# Small Batch



## Tony49 (Jul 26, 2011)

Is it possible to make just one gallon of Skeeter Pee? Like to try it but I'm not a big lemonade fan.
Thanks.
Tony...


----------



## winemaker_3352 (Jul 26, 2011)

I have not done a Skeeter Pee. But i would recommend doing more that 1 gallon.

It takes the same amount of time and effort to do a 3, 5, or 6 gallon batch.


----------



## closetwine (Jul 26, 2011)

Yes it can be done.... I do it all the time... I would recommend doing a 3 or bigger though... It's cheap and you can always give it away if you don't care for it!


----------



## fleemartin (Jul 26, 2011)

I almost never drink lemonade but my 1st pee is not even ready and I cannot leave it alone - I keep using a turkey baster as a wine thief and stealing off the top as it clears.

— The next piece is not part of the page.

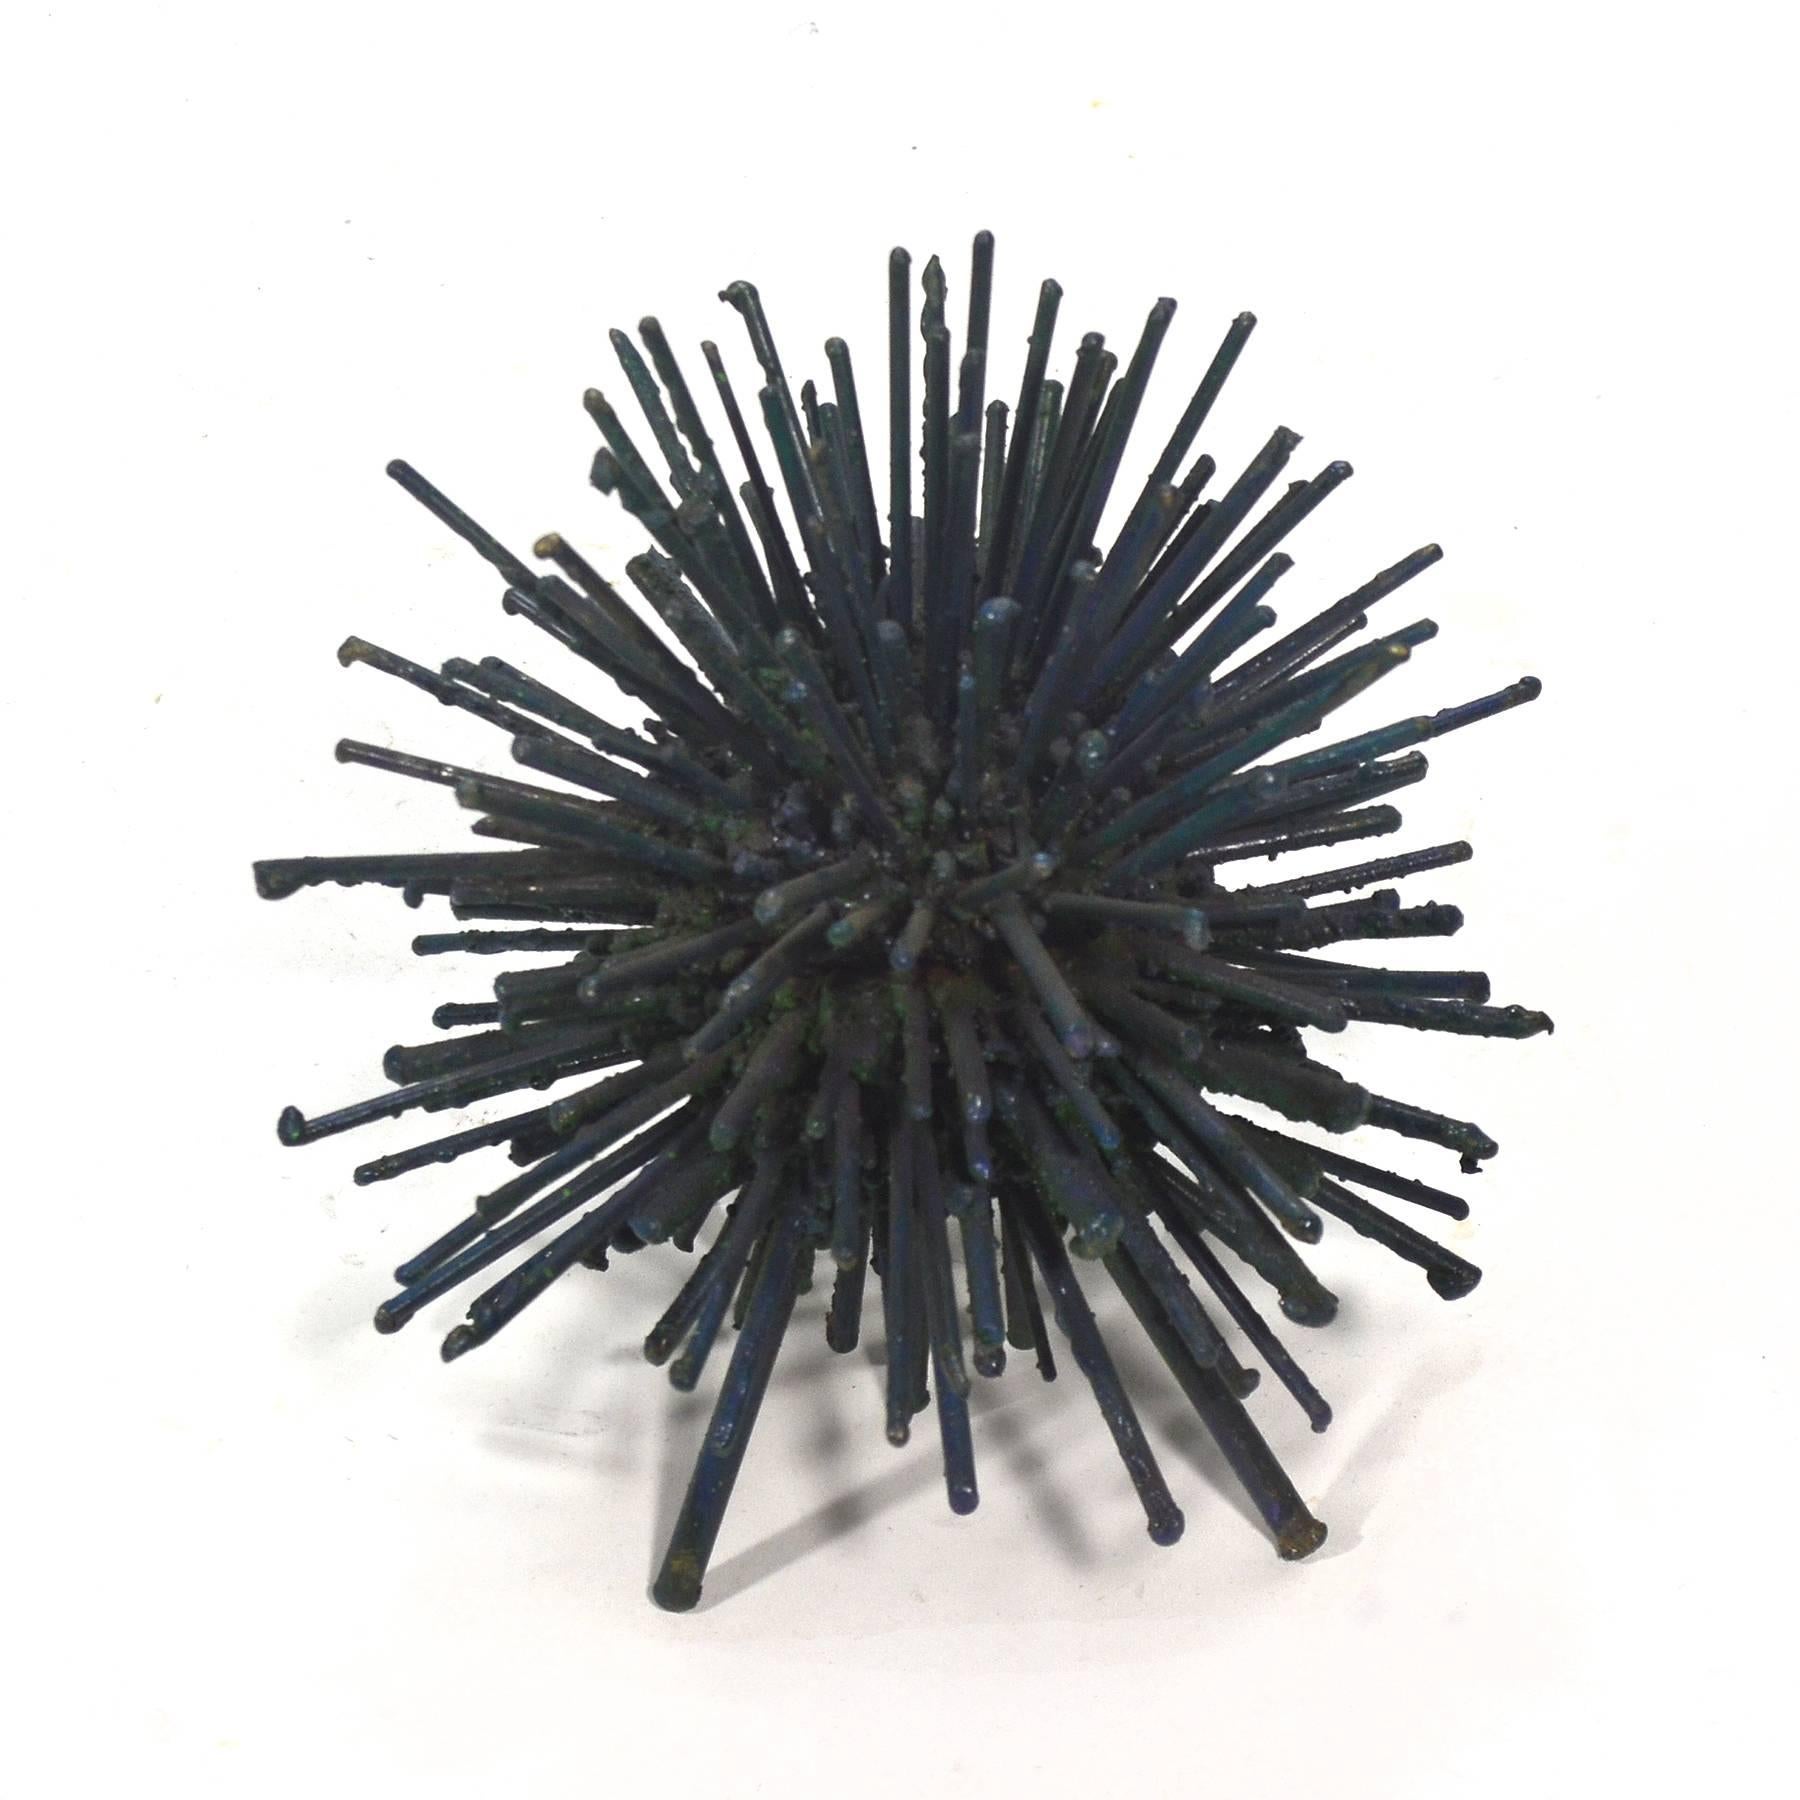 A wonderful and whimsical piece by sculptor James Bearden, this piece is composed of rods arranged in a dense burst reminiscent of the dandelion sculptures by Harry Bertoia. The sculpture has a wonderful composition, great texture, and subtle color,

just learning here myself but I have read a lot about others flavoring with nearly anything you like before bottling.


----------



## closetwine (Jul 26, 2011)

Yeah If you want to do an EASY experiment w/flavors.... just add a little cocktail mixer to a glass... there's tons of flavors out there and you can get some good ideas to use on a big batch!


----------



## Minnesotamaker (Jul 26, 2011)

It is a little like 7-up or other lemon-lime soda in that it blends well with lots of other flavors.


----------



## Tony49 (Jul 27, 2011)

So....
I could use some frozen white grape concentrate with the lemon?
T...


----------



## Minnesotamaker (Jul 27, 2011)

Tony49 said:


> So....
> I could use some frozen white grape concentrate with the lemon?
> T...



Sure you can!


----------



## rhythmsteve (Jul 28, 2011)

I made a 5 gallon batch and split those up into 5 seperate batches....1 for every kind of drinker...using frozen concentrates...blueberry/pom, strawberry/kiwi, raspberry, cherry, and regular......so good that i have to warn people before they start on it for an evening. Or else they end up like me and pass out in the middle of Watkins Glen Speedway @ 3:30 AM


----------



## Putterrr (Jul 28, 2011)

rhythmsteve said:


> I made a 5 gallon batch and split those up into 5 seperate batches....1 for every kind of drinker...using frozen concentrates...blueberry/pom, strawberry/kiwi, raspberry, cherry, and regular......so good that i have to warn people before they start on it for an evening. Or else they end up like me and pass out in the middle of Watkins Glen Speedway @ 3:30 AM



3:30 AM is not bad. Now if you had said PM .............

Cheers


----------



## Tony49 (Jul 28, 2011)

Thank you Gentlemen, for your help and insight.
Now I am anxious to try this. My two gallons of peach comes off the lees next week. Hmm...maybe two gallons of Skeeter?
Thank you Lon for being so generous with your recipe.
Tony...


----------



## barryjo (Aug 2, 2011)

You might also try a cranberry blend or a lime concentrate. 11 oz for 2 1/2 gallons. The cranberry has a beautiful blush color.


----------



## Tony49 (Aug 3, 2011)

Thanks Barryjo. 
The cranberry blend looks interesting and I will probably try that. 
I guess the important thing is to check the additives in the concentrate. Sulfides are probably to be avoided while ascorbic acid is ok. I hope. 
T...


----------



## barryjo (Aug 4, 2011)

Tony49 said:


> Thanks Barryjo.
> The cranberry blend looks interesting and I will probably try that.
> I guess the important thing is to check the additives in the concentrate. Sulfides are probably to be avoided while ascorbic acid is ok. I hope.
> T...



Actually, since I add the cranberry blend after fermentation, sulfites, etc are not a problem.


----------



## Tony49 (Aug 4, 2011)

Got it!
T...


----------